As reports of Covid clusters at meatpacking plants increased, industry officials and the USDA jointly lobbied the White House to dissuade frightened workers from staying home or quitting. For instance in April 2020 the CEOs of JBS, Smithfield and Tyson among other companies asked the secretary of agriculture, Sonny Perdue, during a call to “elevate the need for messaging about the importance of our workforce staying at work to the POTUS or VP level.”
It worked. At a press briefing soon after, Mike Pence told meatpacking workers that “we need you to continue … to show up and do your job,” admonishing recent “incidents of worker absenteeism.”
The report concludes: “Meatpacking companies knew the risk posed by the coronavirus to their workers and knew it wasn’t a risk that the country needed them to take. They nonetheless lobbied aggressively—successfully enlisting USDA as a close collaborator in their efforts—to keep workers on the job in unsafe conditions, to ensure state and local health authorities were powerless to mandate otherwise, and to be protected against legal liability for the harms that would result.”
The trade association for meat and poultry packers and processors rejected the report’s findings and accused the subcommittee of “cherry-picking data.”

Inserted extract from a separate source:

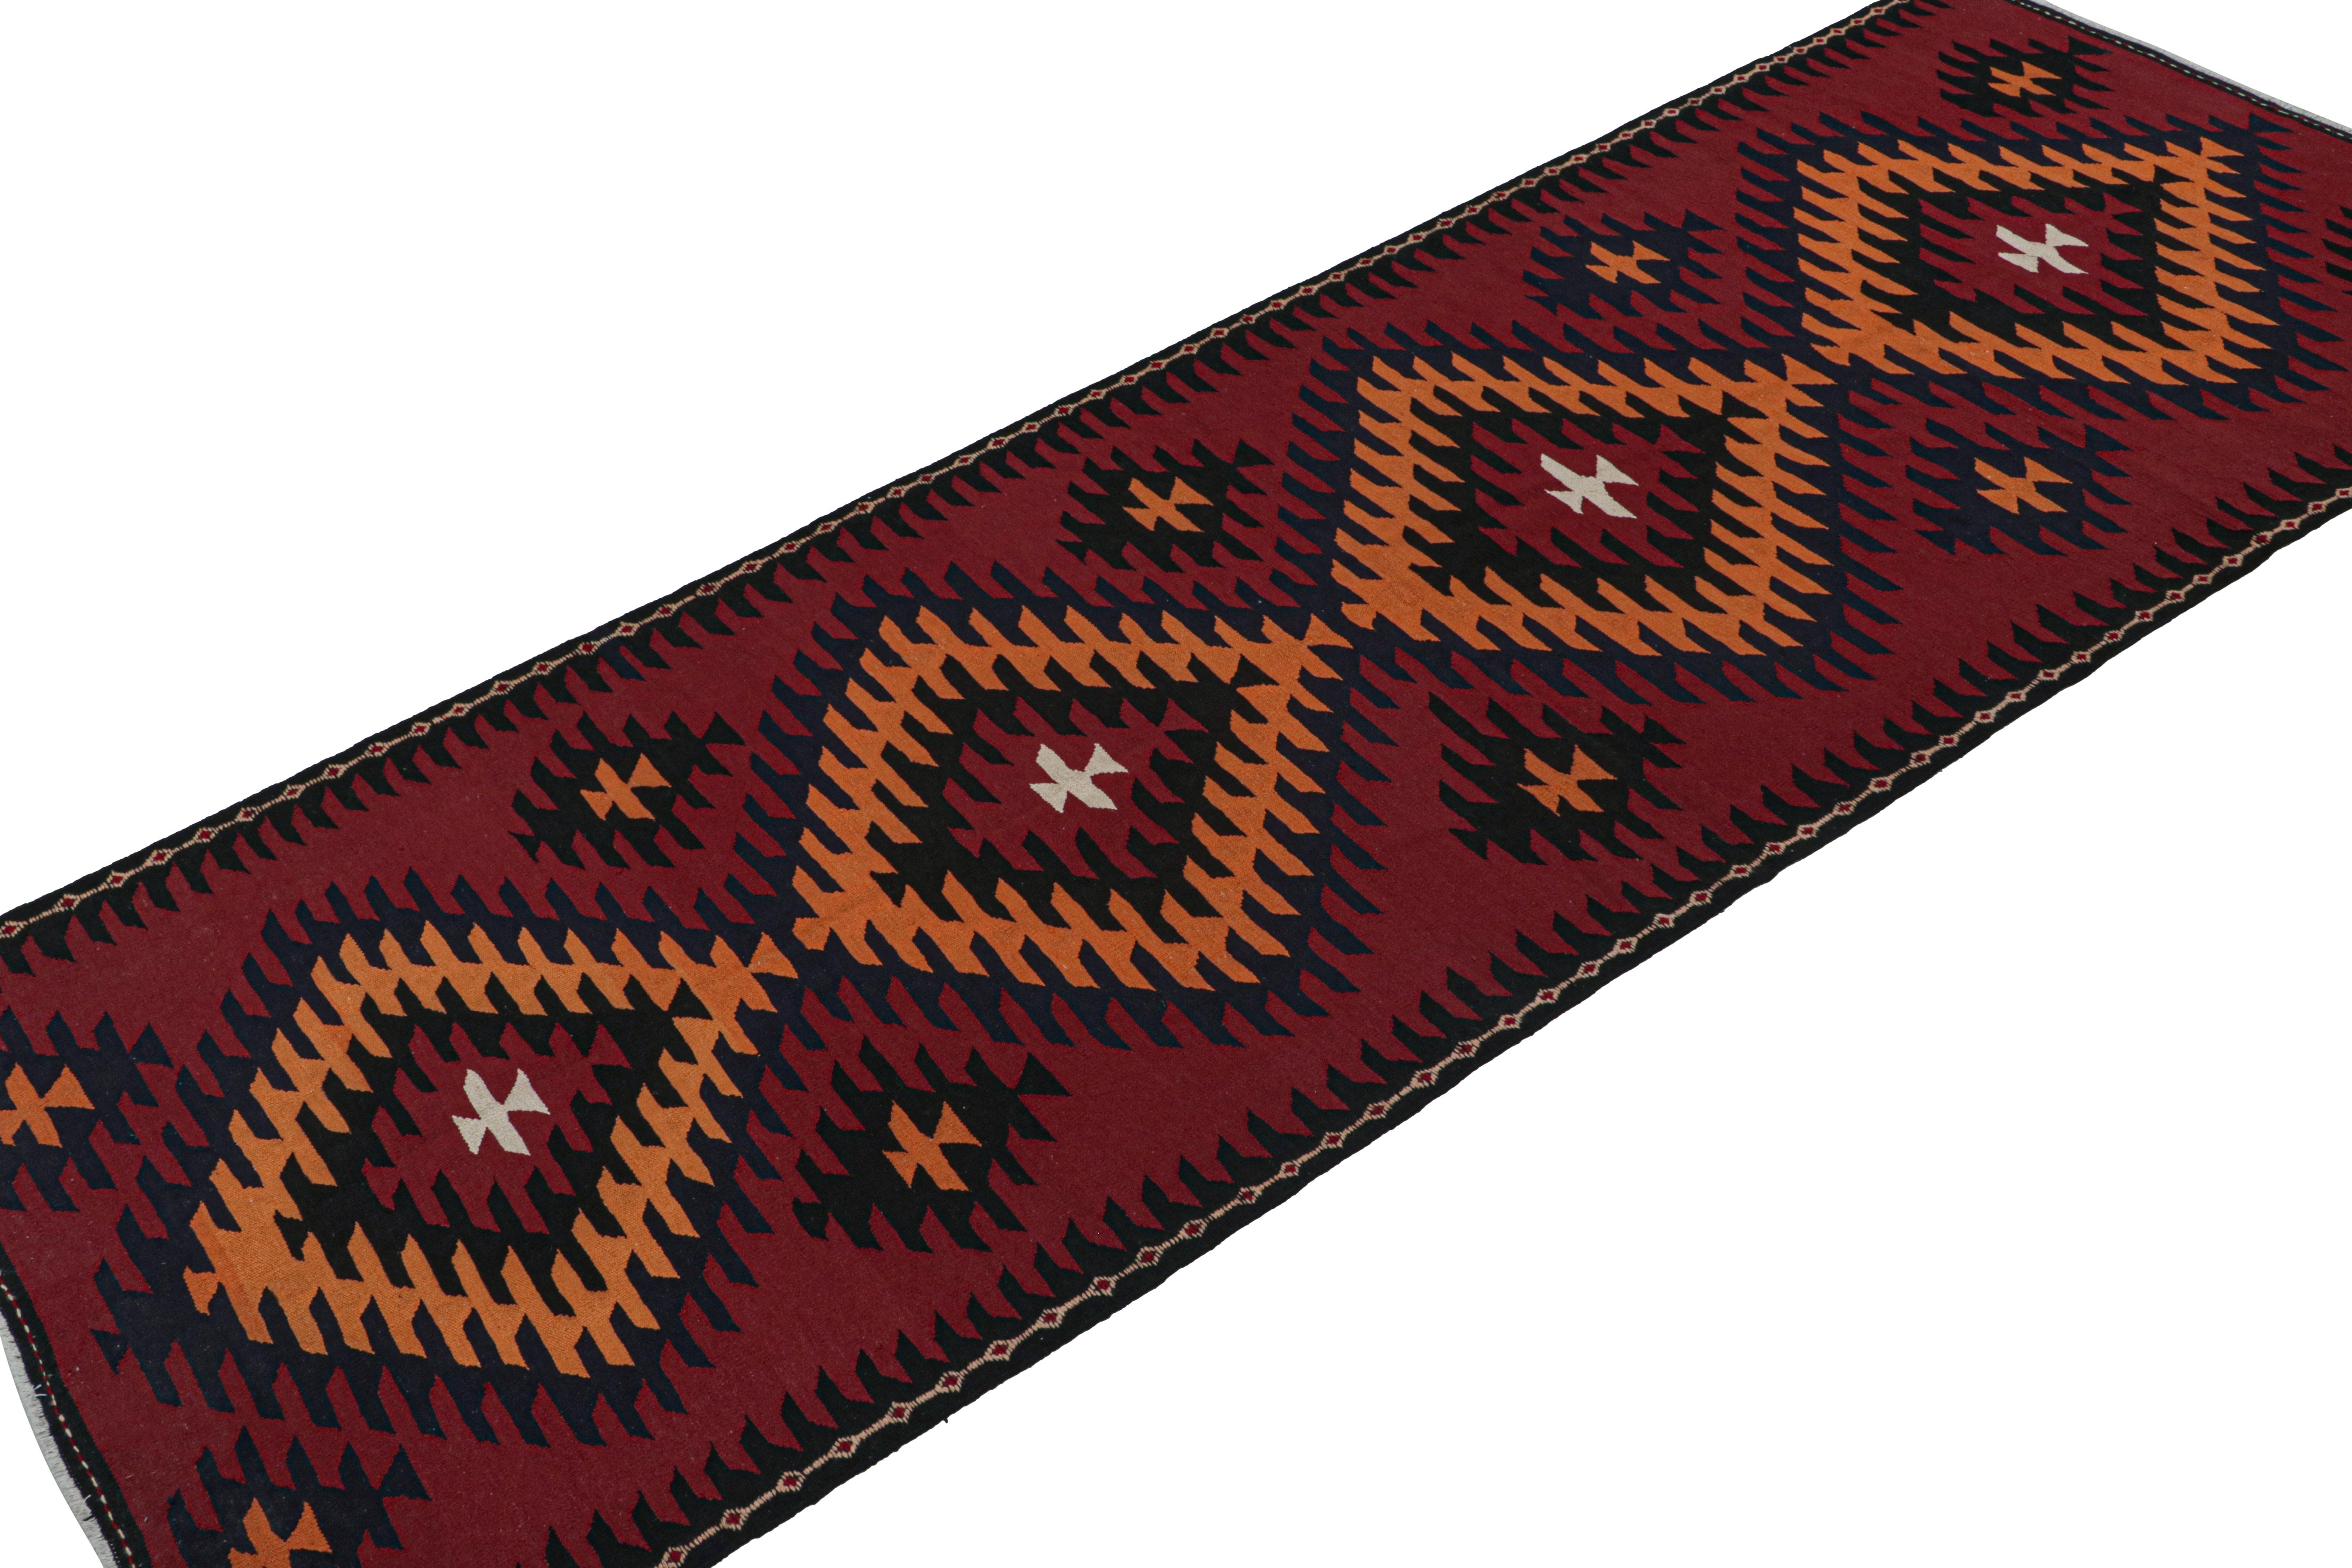 Tribal Vintage Northwest Persian Kilim in Red with Geometric Patterns For Sale
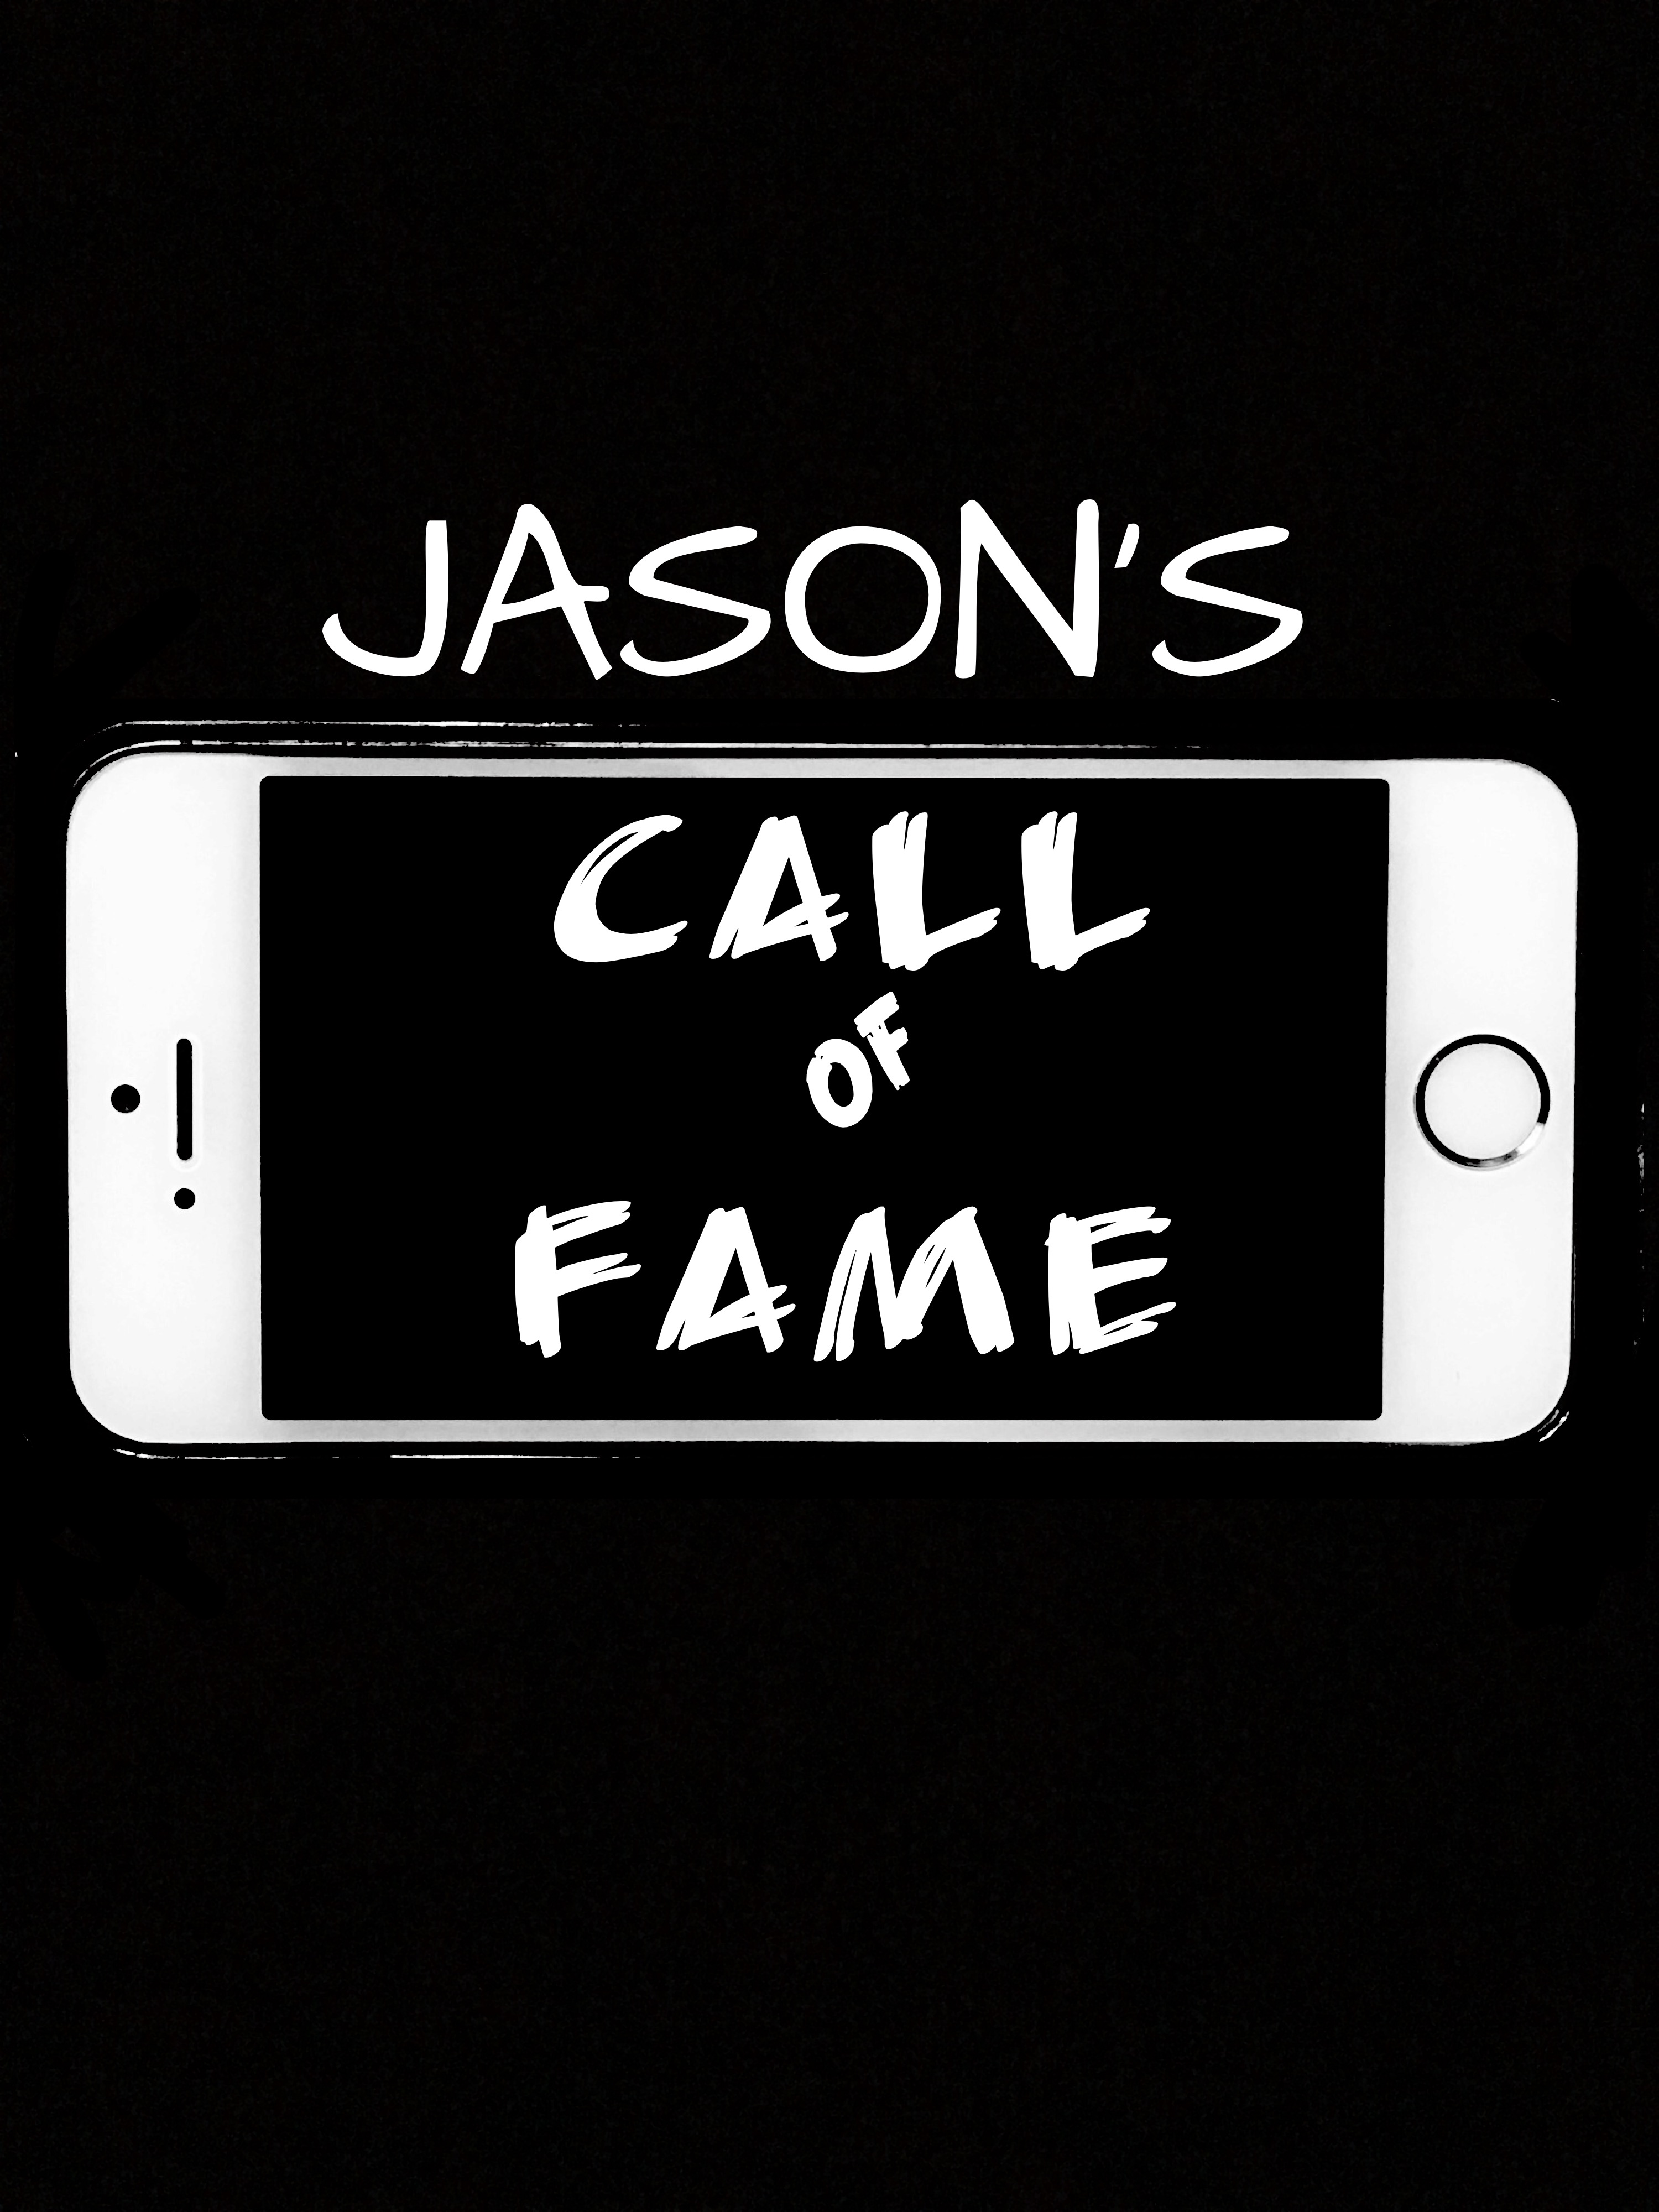 WELCOME TO JASON’S CALL OF FAME!

“The report ignores the rigorous and comprehensive measures companies enacted to protect employees and support their critical infrastructure workers,” said Julie Anna Potts, president and CEO of the North American Meat Institute.
In addition, a spokesperson for JBS said the company “did everything possible to ensure the safety of our people who kept our critical food supply chain running.” In a statement Cargill said: “We’ve worked hard to maintain safe and consistent operations to feed families during the pandemic, yet we did not hesitate to temporarily idle or reduce capacity at processing plants in the interest of our employees’ wellbeing.”
A spokesman for Smithfield said: “The concerns we expressed were very real and we are thankful that a food crisis was averted and that we are starting to return to normal…Did we make every effort to share with government officials our perspective on the pandemic and how it was impacting the food production system? Absolutely.”
Tyson said collaboration with the government was crucial to the supply chain and for worker safety: “Over the past two years, our company has been contacted by, received direction from, and collaborated with many different federal, state and local officials—including both the Trump and Biden Administrations—as we’ve navigated the challenges of the pandemic.”
The subcommittee investigation into the meatpacking industry’s response to the pandemic was launched in February 2021 following reports that meat companies had refused to take adequate safety measures precautions to protect workers during the first year of the pandemic. Last year, the subcommittee found that the illness and death toll at plants owned by the five big meatpackers had been grossly underestimated, and that the companies put profits over worker safety.
The Guardian has contacted the USDA and former Trump administration officials for comment.